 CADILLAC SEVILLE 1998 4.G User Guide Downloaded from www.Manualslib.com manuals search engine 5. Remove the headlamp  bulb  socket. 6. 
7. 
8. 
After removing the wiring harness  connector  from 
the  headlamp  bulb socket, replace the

==

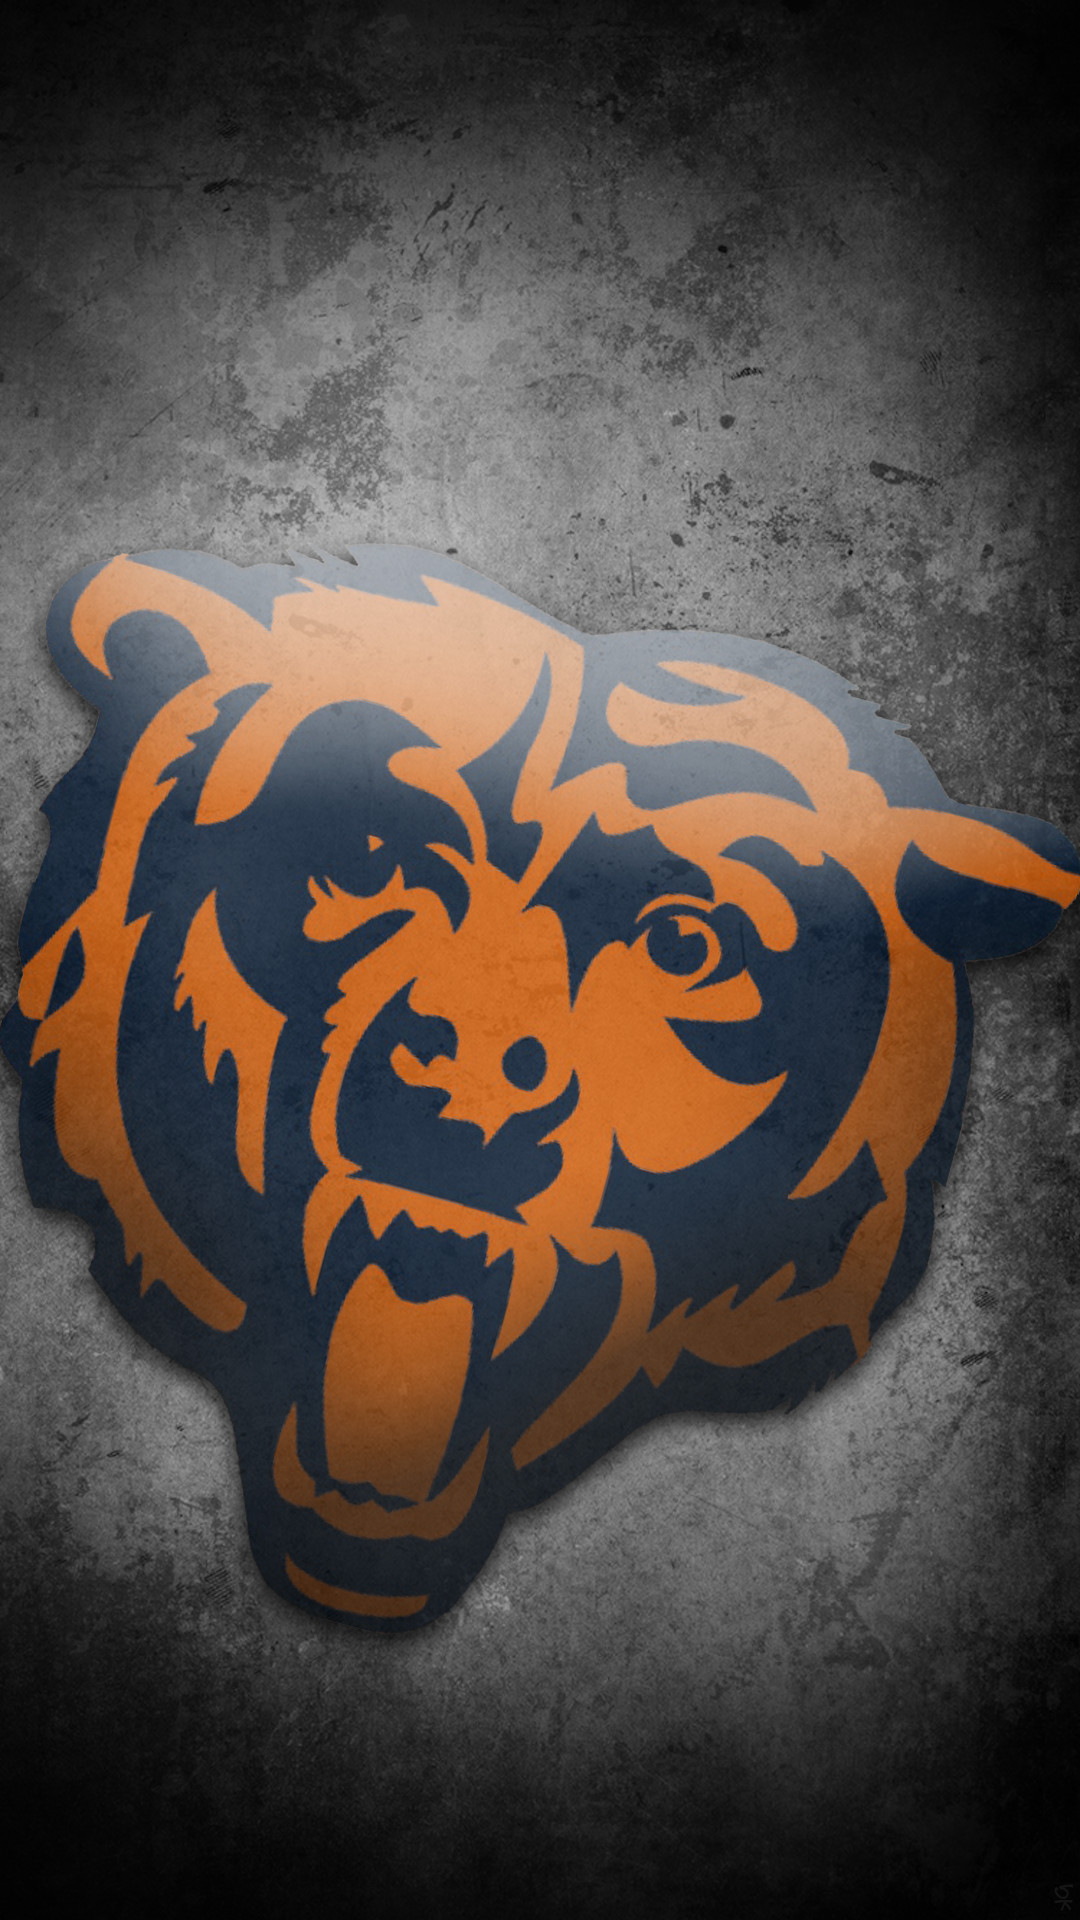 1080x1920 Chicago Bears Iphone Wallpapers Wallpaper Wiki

---

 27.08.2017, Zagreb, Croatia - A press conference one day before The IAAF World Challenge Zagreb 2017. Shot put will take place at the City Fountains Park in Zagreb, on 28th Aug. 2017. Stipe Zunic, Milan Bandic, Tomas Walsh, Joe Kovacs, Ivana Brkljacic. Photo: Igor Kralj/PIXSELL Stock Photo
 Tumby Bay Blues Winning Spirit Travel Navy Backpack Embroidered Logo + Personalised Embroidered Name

→ Problem details
Looking at the data above, return every line from the one with "27.08.2017, Zagreb, Croatia" down to the one with "Tumby Bay Blues", exactly and inclusively.

→ Solution below
 27.08.2017, Zagreb, Croatia - A press conference one day before The IAAF World Challenge Zagreb 2017. Shot put will take place at the City Fountains Park in Zagreb, on 28th Aug. 2017. Stipe Zunic, Milan Bandic, Tomas Walsh, Joe Kovacs, Ivana Brkljacic. Photo: Igor Kralj/PIXSELL Stock Photo
 Tumby Bay Blues Winning Spirit Travel Navy Backpack Embroidered Logo + Personalised Embroidered Name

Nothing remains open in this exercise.